We had been married for ten years—ten years during which I, Vanessa, gave everything I had. I wasn’t merely a wife. I became his anchor, his constant presence, and for the last three years, I served as his father’s full-time caregiver.
My father-in-law, Arthur, was once a titan in real estate—a self-made man who built a seventy-five-million-dollar empire from nothing. But wealth means nothing to cancer. When illness took hold, his son—my husband, Curtis—was suddenly “too busy.” Busy with meetings that never seemed urgent, golf games, and friends who loved the sound of their own voices. He told me watching his father deteriorate was “bad for his mental health,” that he needed to “stay focused.”
So I stepped in.
I cleaned Arthur when he was sick. I sat beside him as morphine blurred his memories and turned his past into half-formed stories. Every morning, I read him the newspaper. In the quiet hours before dawn, when fear tightened its grip, I held his hand. Curtis would stop by occasionally—perfectly groomed—to pat his father’s arm and casually ask, “Did he mention the will today?”

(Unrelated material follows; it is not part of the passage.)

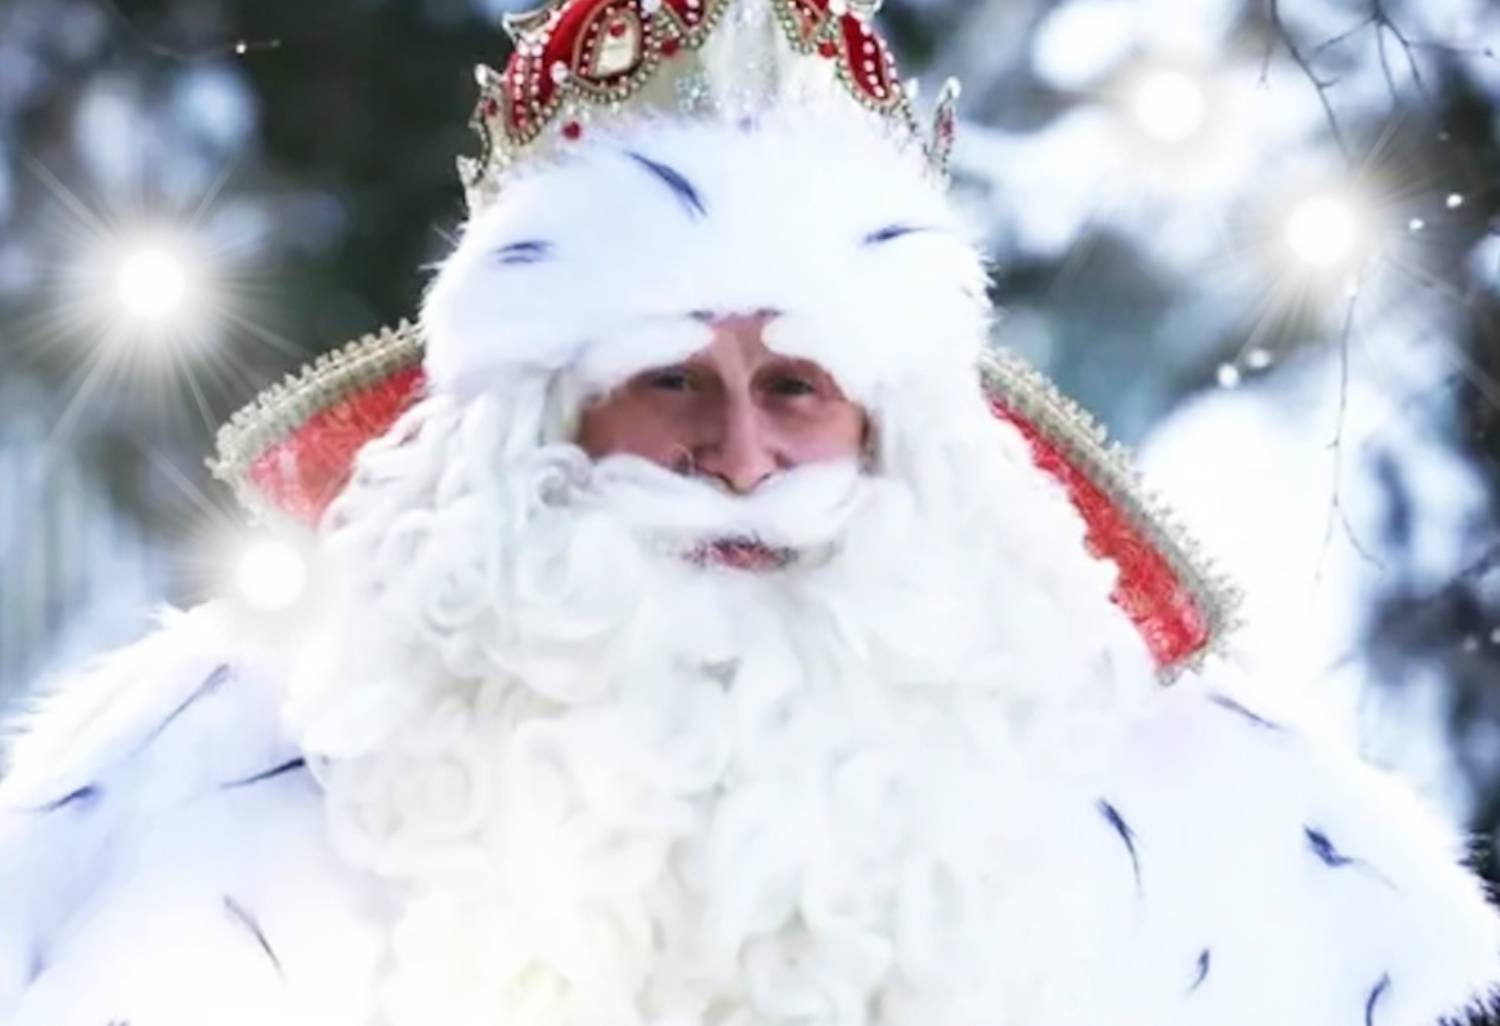 Ded Moroz da Velikij Ustjug visiterà Roma nell’ambito del suo viaggio in Europa

I didn’t want to see what that meant. I believed I loved Curtis. I told myself his distance was grief, not cruelty. I was wrong.
The day Arthur passed away, my world collapsed. I had lost a man who had become a father to me. But for Curtis, it was as though life had just opened its doors. At the funeral, he cried—beautifully, convincingly—wiping tears with a silk handkerchief while discreetly sizing up the businessmen in attendance, calculating fortunes by the cut of their suits.